Life in Balata is about resistance. The people here will not be broken. Balata has a long history of insurrection: both intifadas were initiated by activist groups within the camp, and a strong spirit of defiance remains integral to the collective psyche. As the sun sets, gangs of shabab loiter on the streets, flicking cigarettes and fiddling with camera phones. These young men are eager to display their scars. One boy turns around and lifts his jumper, revealing a shiny patch of white scar tissue, horribly puckered and twisted, at the base of his back. This boy was fourteen when he was shot, hit by an Israeli sniper for throwing stones at an IDF jeep. For the residents of Balata, scars are the physical marks of resilience. They are badges of endurance, sported by young men like grisly medals of honour. Self-sacrifice is a key signifier in contemporary Palestinian identity, where heroic self-immolation and a readiness for martyrdom have become a powerful national metonymy.
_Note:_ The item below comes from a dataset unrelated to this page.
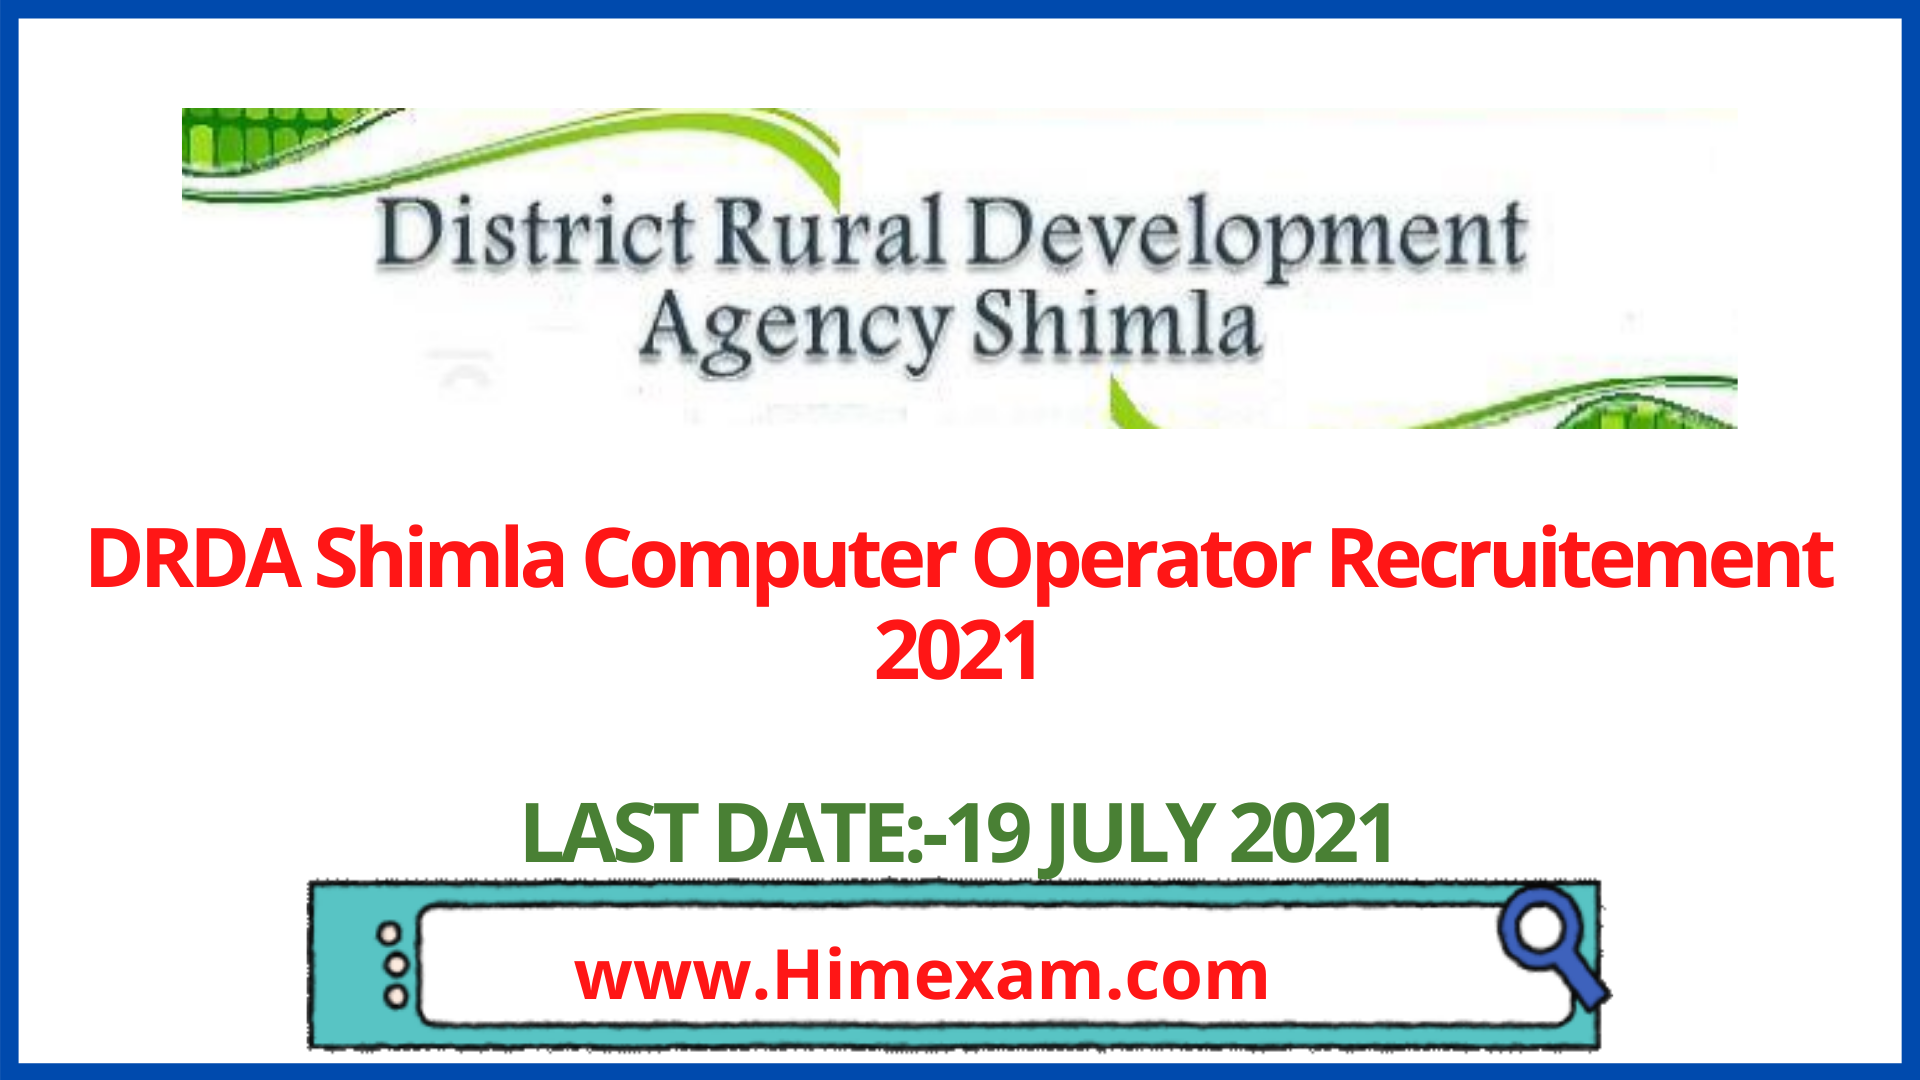 DRDA Shimla Computer Operator Recruitement 2021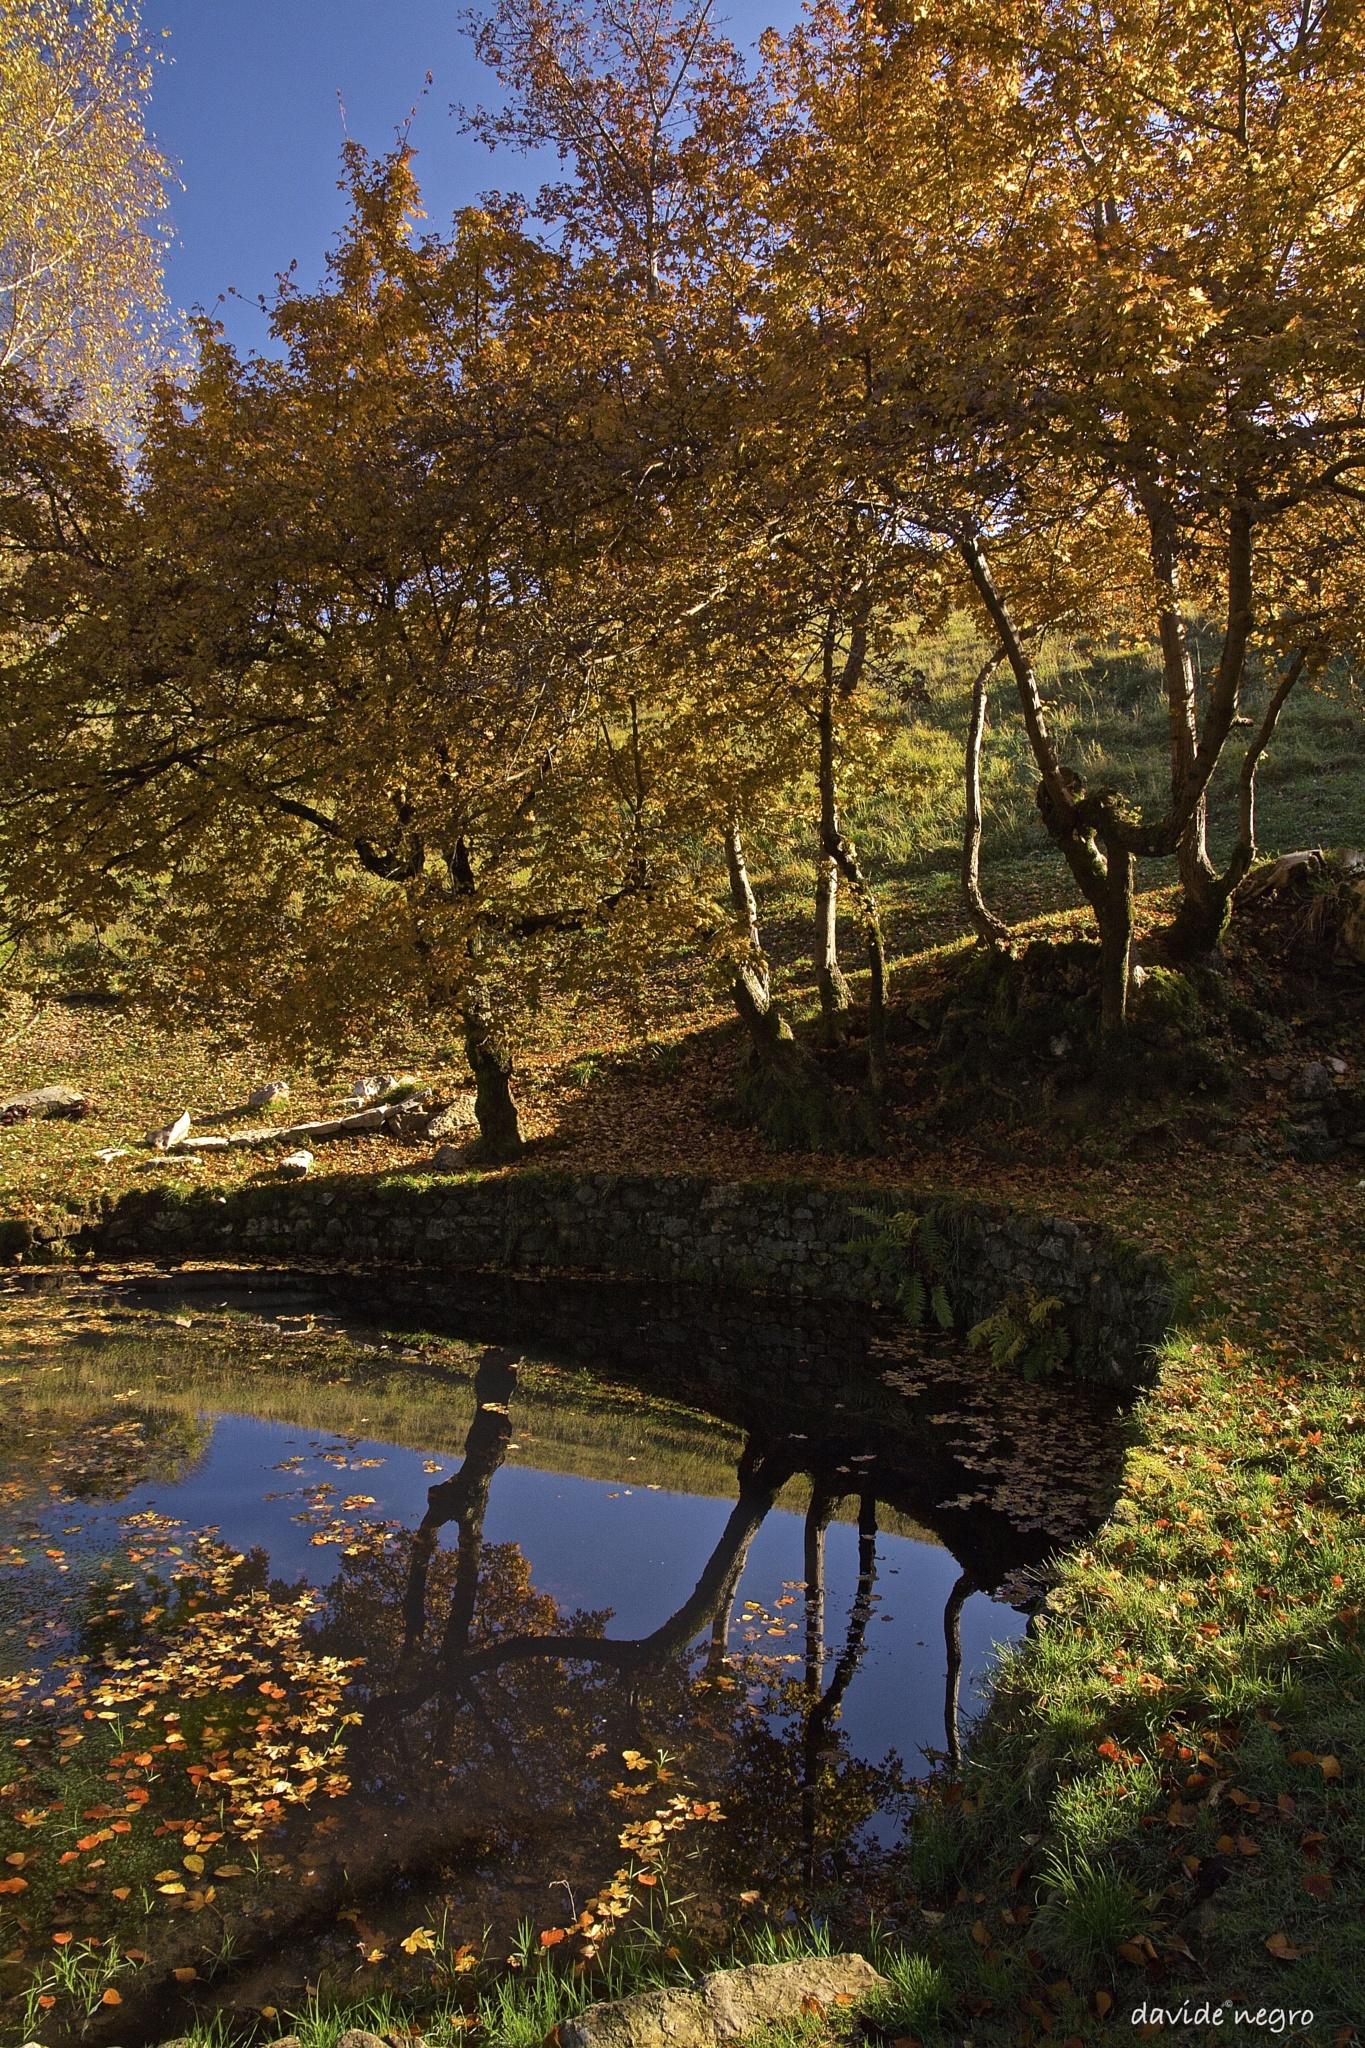 autunno by DavideNegro

A walk down Martyrs’ Road in the camp is a surreal experience. The walls are covered with sunbleached paper faces, the pale, defiant images of young boys toting massive AK47s. Their names are graffitied in the colours of the Palestinian flag throughout the camp, while the airbrushed glow of their pallid faces hangs on chains from the necks of friends and relatives. A mother stands, cross-armed, in front of one memorial, a white marble slab wreathed with plastic roses, for Noor Faris Njem, shot in the head as he peered round a wall. “This is my son”, she says, pointing at the gold-framed face of a fourteen year old boy. I ask her if she feels sad when she comes here, and her response is resolutely “No, the Israelis took three of my sons, I have no more tears left. I have nothing” Her face hardens, and she says, “we don’t mourn for them because they are in heaven with God. We don’t cry for them because they are not dead but in paradise”. In Palestine there is a fundamental principle of collectivity; there are communal tragedies and communal triumphs, and the lost sons of Balata embody both. The community here is an extreme example of this national togetherness, they share the common goal of independence, and they can never lose faith in it, because, as the bereaved mother of Noor Faris Njem said to me, “without Palestine, there is nothing”.